The child smiled delightedly into his face,* "Oh! Uncle Tom, you are as kind as Uncle Westonley, good-night."

"Good-night, little woman," and then the man laid himself down upon the sandy ground beside her, with a certain resolve in his mind.

At six o'clock in the morning, he rode up to Marumbah Station with little Mary held in front of him. Mrs Westonley, pale-faced, austere, and much agitated, met him as he dismounted.

"Oh, dear, Thomas! Just fancy _you_ finding the child and bringing her home! I sent out Toby, the black boy, to look for her, and I suppose he is looking for her still--the naughty----"

"That's all right, Lizzie, don't get into a fluster," said Gerrard placidly, as he dismounted and kissed his sister, "Toby _did_ find her--that is, he found her and me comfortably camped for the night. He's coming along presently with my packhorse."

Mrs Westonley turned angrily upon the child, and was about to deliver a lecture, when her brother placed his hand upon her arm and drew her aside.

"Look here, Lizzie, I'm your guest, and I'm also your brother; but if you bully that unfortunate youngster, I'll just get into my saddle again, and ride off without putting my foot over your threshold."

Mrs Westonley's pale, clear-cut face flushed deeply. "I never expected such a remark as this from you, Thomas."

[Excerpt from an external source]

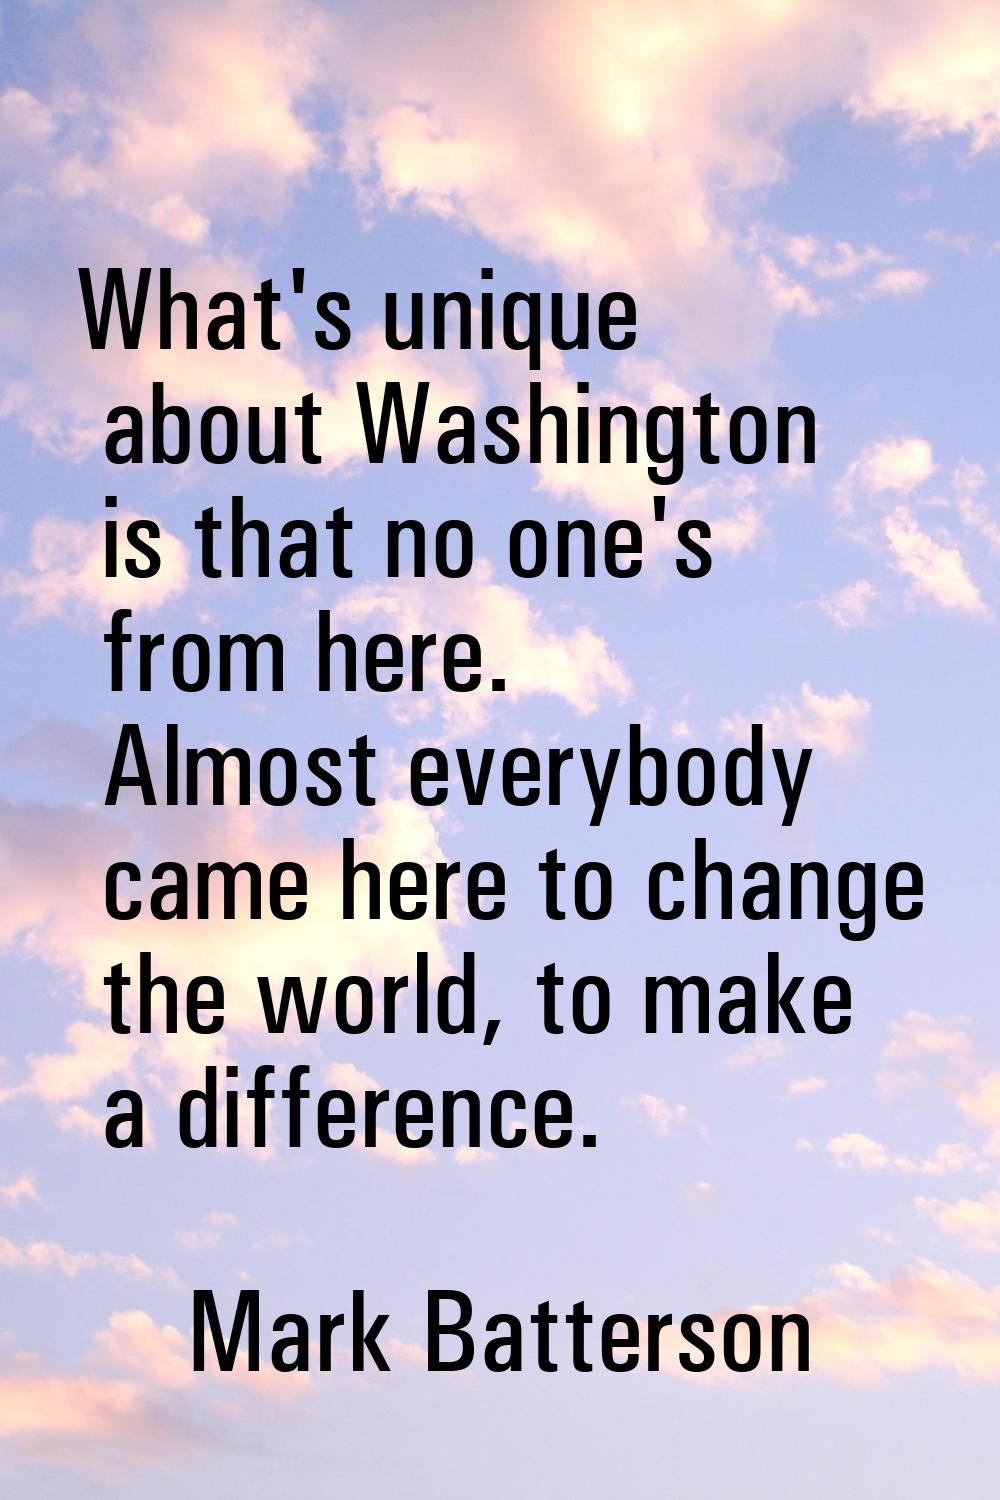 What's unique about Washington is that no one's from here. Almost everybody came here to change the

"And I never expected that you would have treated your own sister's child as you have done," was the stern reply; "I found her five miles from here, wandering alone. Have you no love or sympathy in your heart, or compassion for children, because you have none yourself?" and the grey eyes flashed.

Mrs Westonley gazed at him in astonishment, and twined her hands together in mingled anger and fear that this brother--fifteen years younger than herself--should so dare to speak to _her_.

"The child is a great trial----"

"Aye, an 'incubus,' you call her, the poor little mite. But I hardly thought you read novels."

"_I_ read novels! _Never!_ What do you mean?"

Gerrard drew her inside the house, and patted her cheek, ready to forgive.

"Oh, I did read a book somewhere about a stepmother or an aunt or something of the kind, who was always talking about some unfortunate child committed to her care, as an 'incubus.' Now, that's all I have to say. I _love_ the kid already. She has Mary's eyes and Mary's voice, and, _if you_ don't want her _I_ do. When will breakfast be ready, old girl?"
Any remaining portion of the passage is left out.